▸ THE PROBLEM: A complete, exact retyping of the data below is required.

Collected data

********

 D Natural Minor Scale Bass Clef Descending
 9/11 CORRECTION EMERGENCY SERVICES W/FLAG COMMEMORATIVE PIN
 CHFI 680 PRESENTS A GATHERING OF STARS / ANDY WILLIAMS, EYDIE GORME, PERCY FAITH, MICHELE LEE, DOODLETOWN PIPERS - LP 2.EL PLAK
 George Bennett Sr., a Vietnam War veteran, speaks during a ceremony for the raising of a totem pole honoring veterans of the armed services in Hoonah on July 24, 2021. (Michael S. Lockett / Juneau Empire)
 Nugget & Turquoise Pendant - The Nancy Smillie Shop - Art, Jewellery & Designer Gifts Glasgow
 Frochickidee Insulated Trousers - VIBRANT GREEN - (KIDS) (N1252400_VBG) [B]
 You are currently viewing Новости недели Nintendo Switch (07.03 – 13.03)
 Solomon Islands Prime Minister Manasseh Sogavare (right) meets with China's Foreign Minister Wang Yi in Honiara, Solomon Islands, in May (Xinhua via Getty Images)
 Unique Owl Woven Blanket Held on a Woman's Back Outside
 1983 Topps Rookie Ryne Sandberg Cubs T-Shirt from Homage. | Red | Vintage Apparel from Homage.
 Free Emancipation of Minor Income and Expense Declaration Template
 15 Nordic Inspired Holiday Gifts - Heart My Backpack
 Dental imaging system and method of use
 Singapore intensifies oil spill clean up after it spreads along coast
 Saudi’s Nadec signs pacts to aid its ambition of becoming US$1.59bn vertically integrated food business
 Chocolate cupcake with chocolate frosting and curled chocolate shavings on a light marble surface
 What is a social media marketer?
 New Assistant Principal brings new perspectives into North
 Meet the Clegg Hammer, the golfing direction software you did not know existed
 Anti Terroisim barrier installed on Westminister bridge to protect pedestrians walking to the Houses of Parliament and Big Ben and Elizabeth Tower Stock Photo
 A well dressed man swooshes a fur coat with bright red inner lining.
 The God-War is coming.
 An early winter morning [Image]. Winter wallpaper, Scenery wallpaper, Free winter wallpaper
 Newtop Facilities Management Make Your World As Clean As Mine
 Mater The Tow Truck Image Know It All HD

********

▸ REPLY:
 D Natural Minor Scale Bass Clef Descending
 9/11 CORRECTION EMERGENCY SERVICES W/FLAG COMMEMORATIVE PIN
 CHFI 680 PRESENTS A GATHERING OF STARS / ANDY WILLIAMS, EYDIE GORME, PERCY FAITH, MICHELE LEE, DOODLETOWN PIPERS - LP 2.EL PLAK
 George Bennett Sr., a Vietnam War veteran, speaks during a ceremony for the raising of a totem pole honoring veterans of the armed services in Hoonah on July 24, 2021. (Michael S. Lockett / Juneau Empire)
 Nugget & Turquoise Pendant - The Nancy Smillie Shop - Art, Jewellery & Designer Gifts Glasgow
 Frochickidee Insulated Trousers - VIBRANT GREEN - (KIDS) (N1252400_VBG) [B]
 You are currently viewing Новости недели Nintendo Switch (07.03 – 13.03)
 Solomon Islands Prime Minister Manasseh Sogavare (right) meets with China's Foreign Minister Wang Yi in Honiara, Solomon Islands, in May (Xinhua via Getty Images)
 Unique Owl Woven Blanket Held on a Woman's Back Outside
 1983 Topps Rookie Ryne Sandberg Cubs T-Shirt from Homage. | Red | Vintage Apparel from Homage.
 Free Emancipation of Minor Income and Expense Declaration Template
 15 Nordic Inspired Holiday Gifts - Heart My Backpack
 Dental imaging system and method of use
 Singapore intensifies oil spill clean up after it spreads along coast
 Saudi’s Nadec signs pacts to aid its ambition of becoming US$1.59bn vertically integrated food business
 Chocolate cupcake with chocolate frosting and curled chocolate shavings on a light marble surface
 What is a social media marketer?
 New Assistant Principal brings new perspectives into North
 Meet the Clegg Hammer, the golfing direction software you did not know existed
 Anti Terroisim barrier installed on Westminister bridge to protect pedestrians walking to the Houses of Parliament and Big Ben and Elizabeth Tower Stock Photo
 A well dressed man swooshes a fur coat with bright red inner lining.
 The God-War is coming.
 An early winter morning [Image]. Winter wallpaper, Scenery wallpaper, Free winter wallpaper
 Newtop Facilities Management Make Your World As Clean As Mine
 Mater The Tow Truck Image Know It All HD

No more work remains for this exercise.